Exactly the lines below from the line with "Airbrush Photoshop Brushes." through the line with "sandaletten mit perlen" must make up the answer, both ends included and pictures left out.

[Raw data]:
<<<<

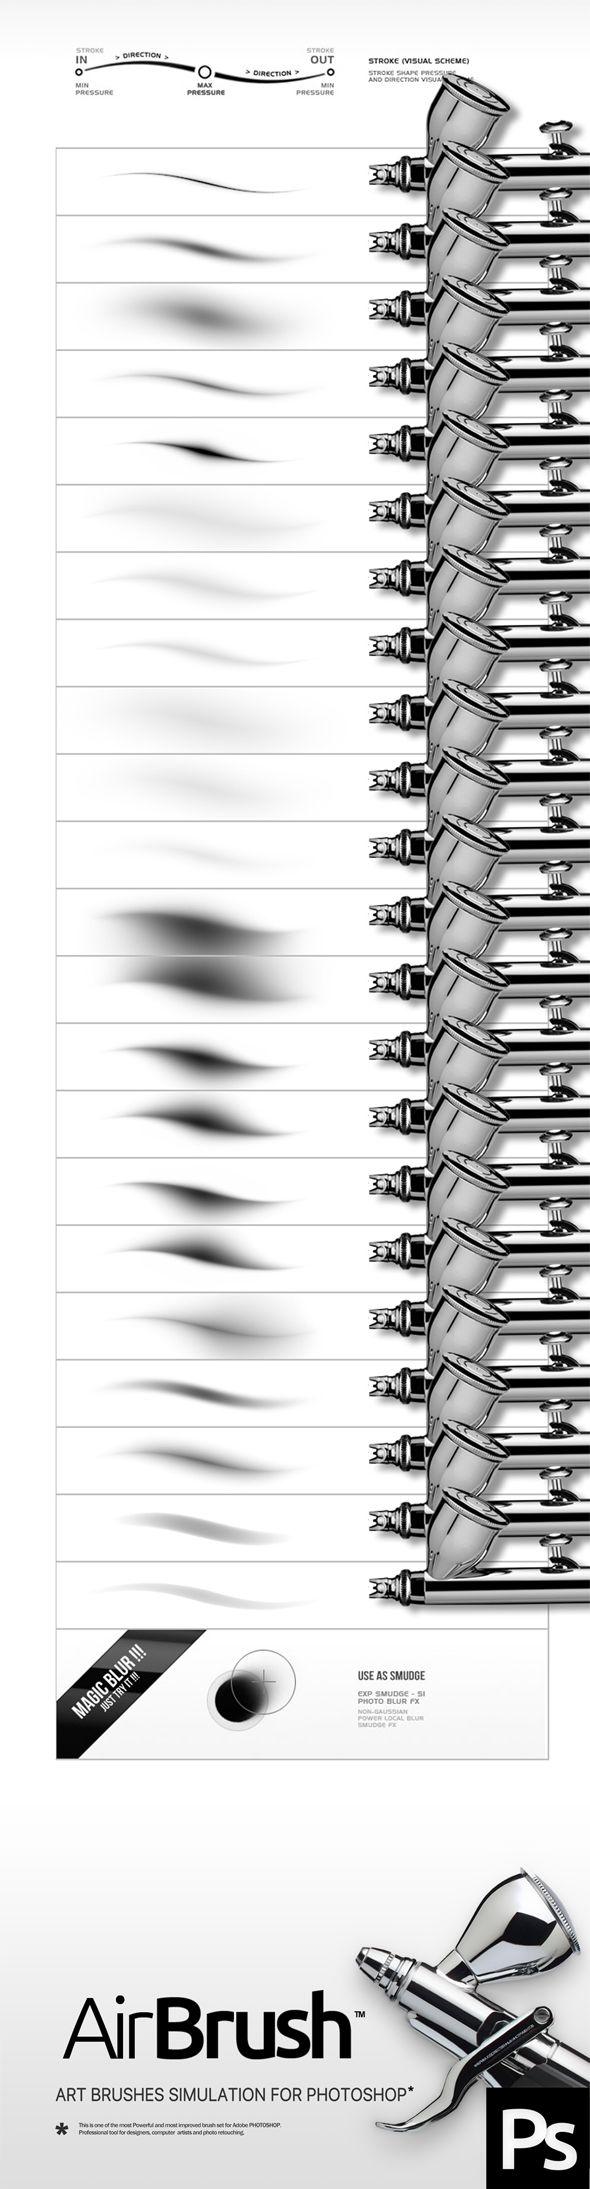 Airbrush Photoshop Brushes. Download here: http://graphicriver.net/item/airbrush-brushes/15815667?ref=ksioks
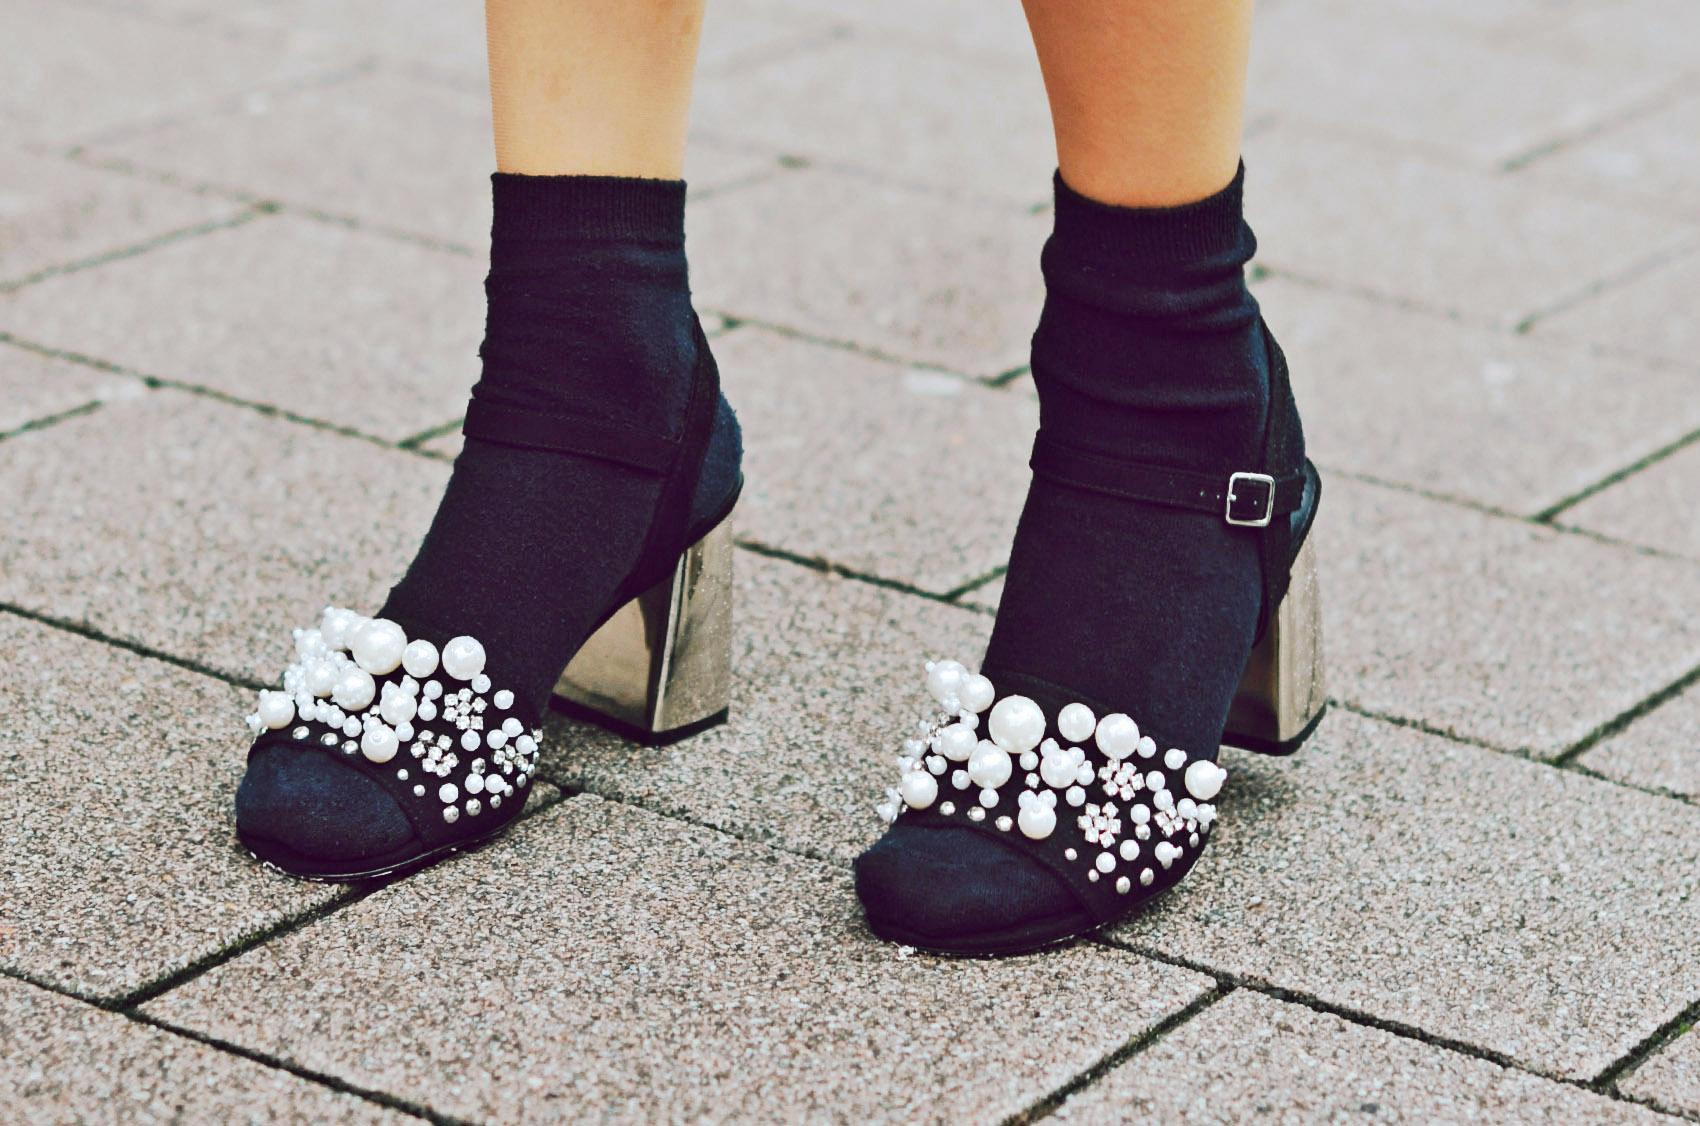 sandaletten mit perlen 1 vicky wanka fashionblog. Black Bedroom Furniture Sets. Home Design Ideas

>>>>
<<<<

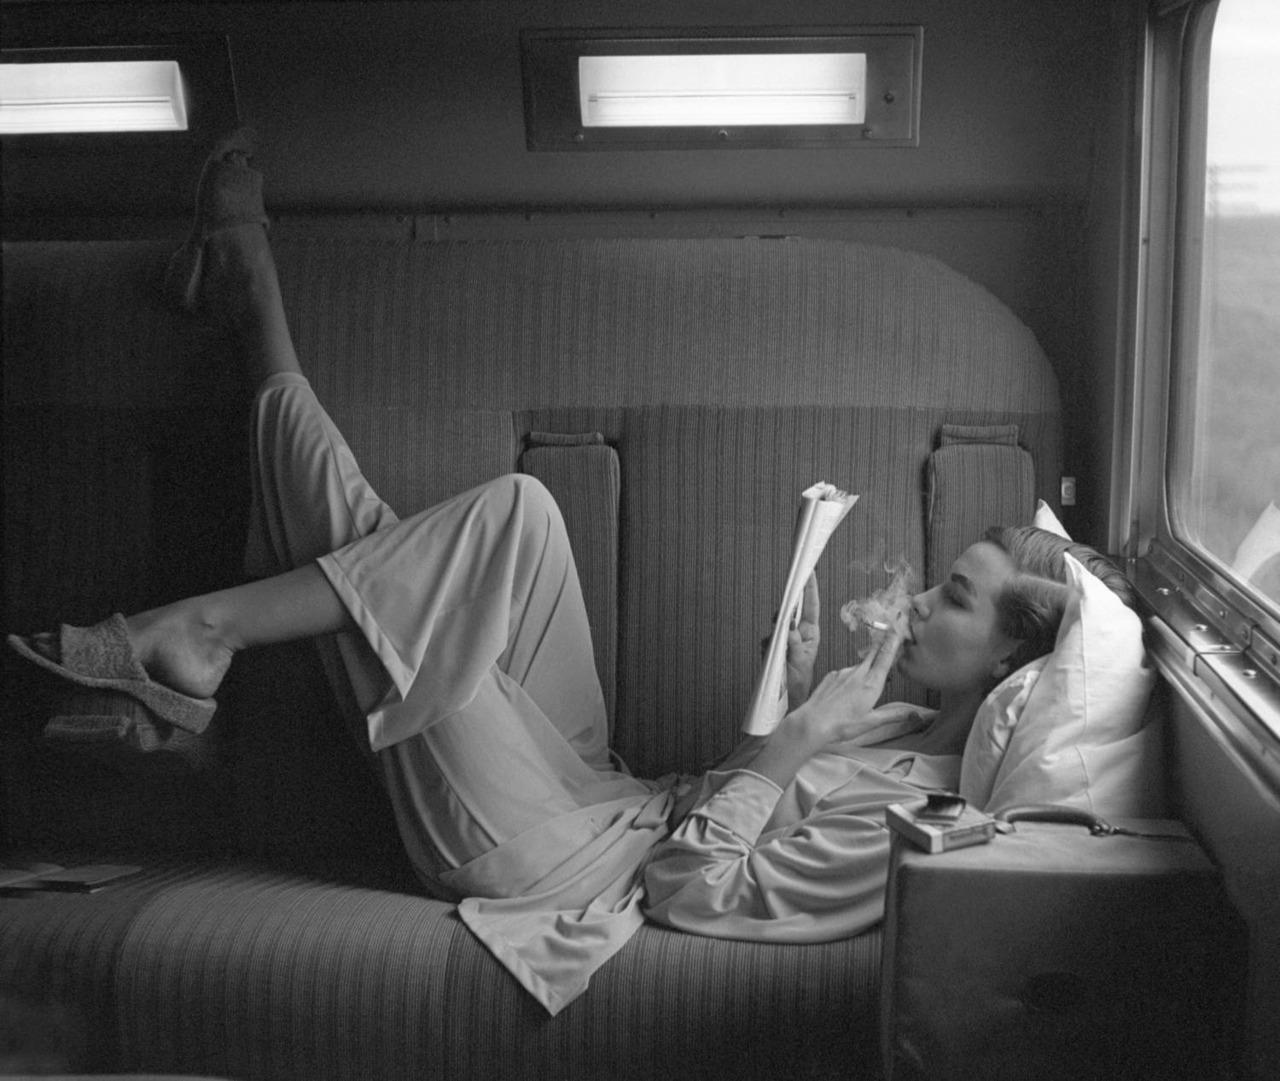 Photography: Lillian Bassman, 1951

>>>>

[Exercise answer]:
 Airbrush Photoshop Brushes. Download here: http://graphicriver.net/item/airbrush-brushes/15815667?ref=ksioks
 sandaletten mit perlen 1 vicky wanka fashionblog. Black Bedroom Furniture Sets. Home Design Ideas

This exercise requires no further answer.